— Вот Мальчик-Попрыгун, — указал он на каурого жеребца. — Три сезона главные призы берет. А она, — он кивнул на мышастую кобылу, — Барсучиха. Она уже три сезона не выступает, ее только для катаний используют, но, говорят, раньше тоже боевая была. Ногу вот неудачно потянула, и со скачек ее списали.
Он похлопал лошадь по крупу.
— А вон там — Жук. Видишь, в яблоках? Он еще молодой, но уже несколько раз вторым-третьим приходил. В следующем сезоне…
— Лика, — перебила его девушка, — мне все очень интересно, но ты говорил, что мост открывают в десять. А сейчас уже полдевятого. Мы не успеем. Или ты уже раздумал туда идти?

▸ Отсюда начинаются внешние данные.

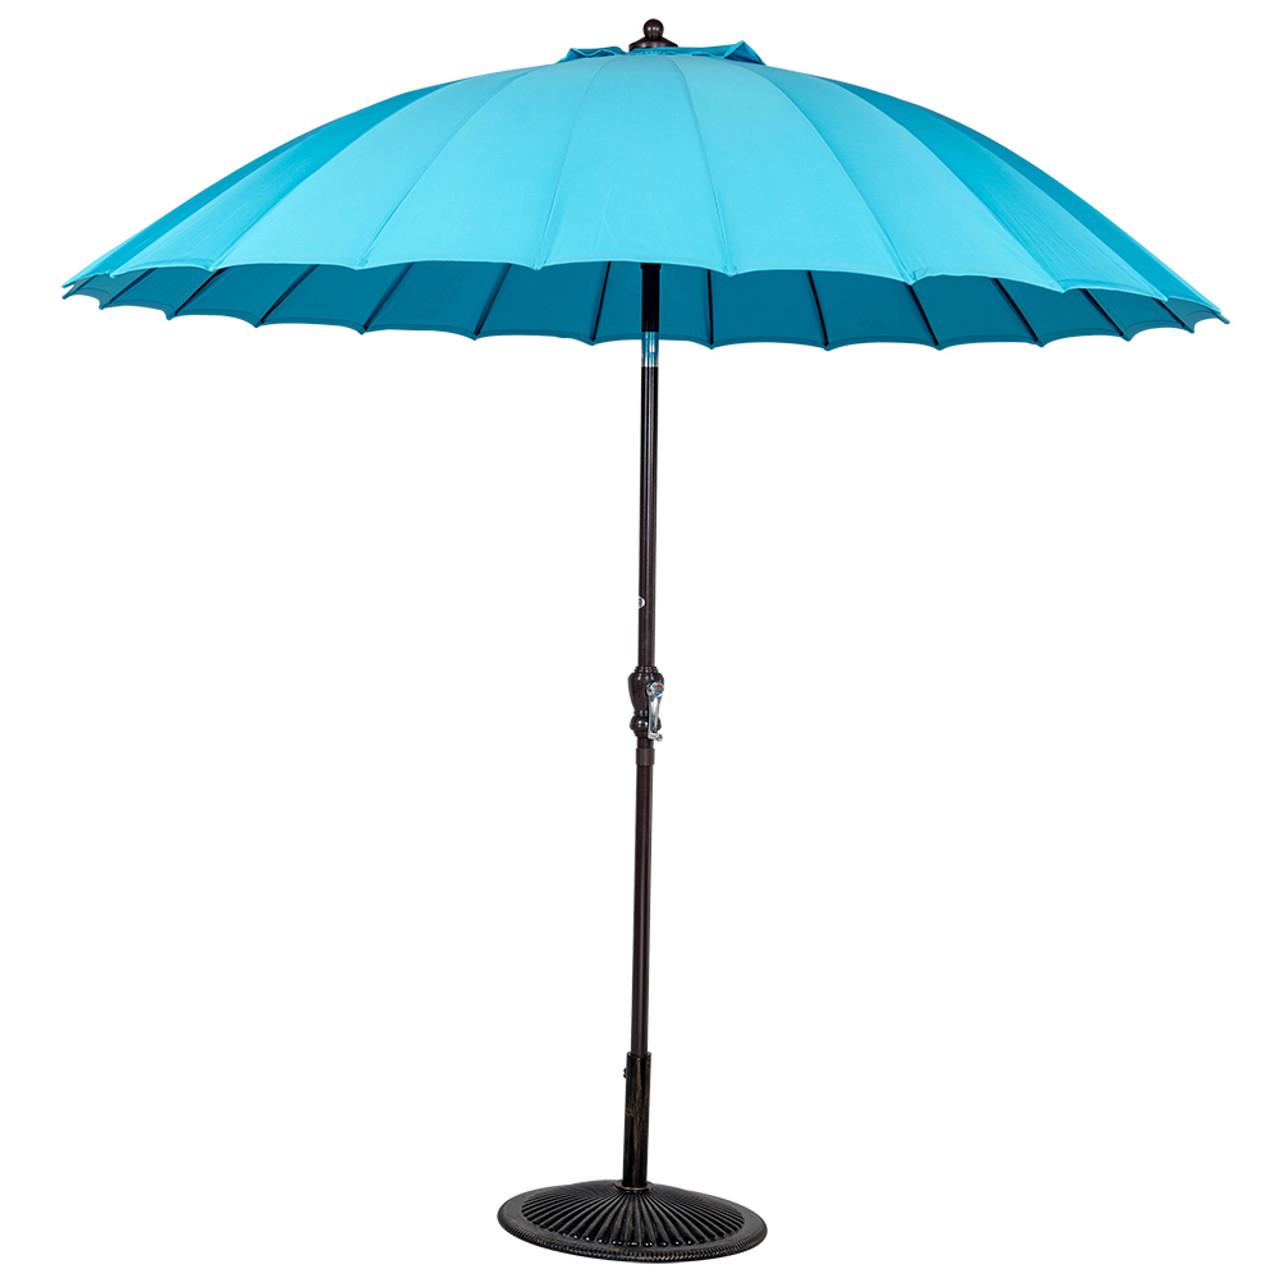 9ft Patio Garden Parasol Outdoor Market Umbrella With Push Button Tilt And  Crank, 24 Ribs And UV ...

— Да успеем! — беззаботно отмахнулся Палек. — Отсюда минут сорок-пятьдесят добираться. На моно сядем — и там. Я хотел еще по Огню щеткой пройтись…
— Лика! — в конюшню влетел щуплый парень в странной одежде: балахонистой рубахе, обтягивающих штанах, блестящих сапогах и широкополой шляпе. — Почему Огонь еще не в станке? Через десять минут мой заезд, а я бегаю по всему Манежу, тебя ищу!
— Не шебуршись, Гиндза, — остановил его вошедший следом коренастый седоволосый мужчина. — Все нормально. Я велел не тащить его раньше времени, чтобы не нервировать.
— А меня нервировать можно? — взвизгнул парень. — Кому на нем скакать — мне или тебе?
— А кто здесь тренер — ты или я? — хладнокровно парировал коренастый. — Беда с жокеями — о себе думают, а о животных — нет. Палек, давай, ведем его…
— Прости, господин, но мы опаздываем! — решительно встряла девушка. — Нельзя ли как-то без Палека обойтись?
— Ради такой красивой девушки можно все, — коренастый склонился в ироническом поклоне. — Лика, что же ты не сказал, что у тебя… планы на сегодня?
— Да все нормально, Тудаса, — поморщился юноша. — Сейчас отведем Огня, и я…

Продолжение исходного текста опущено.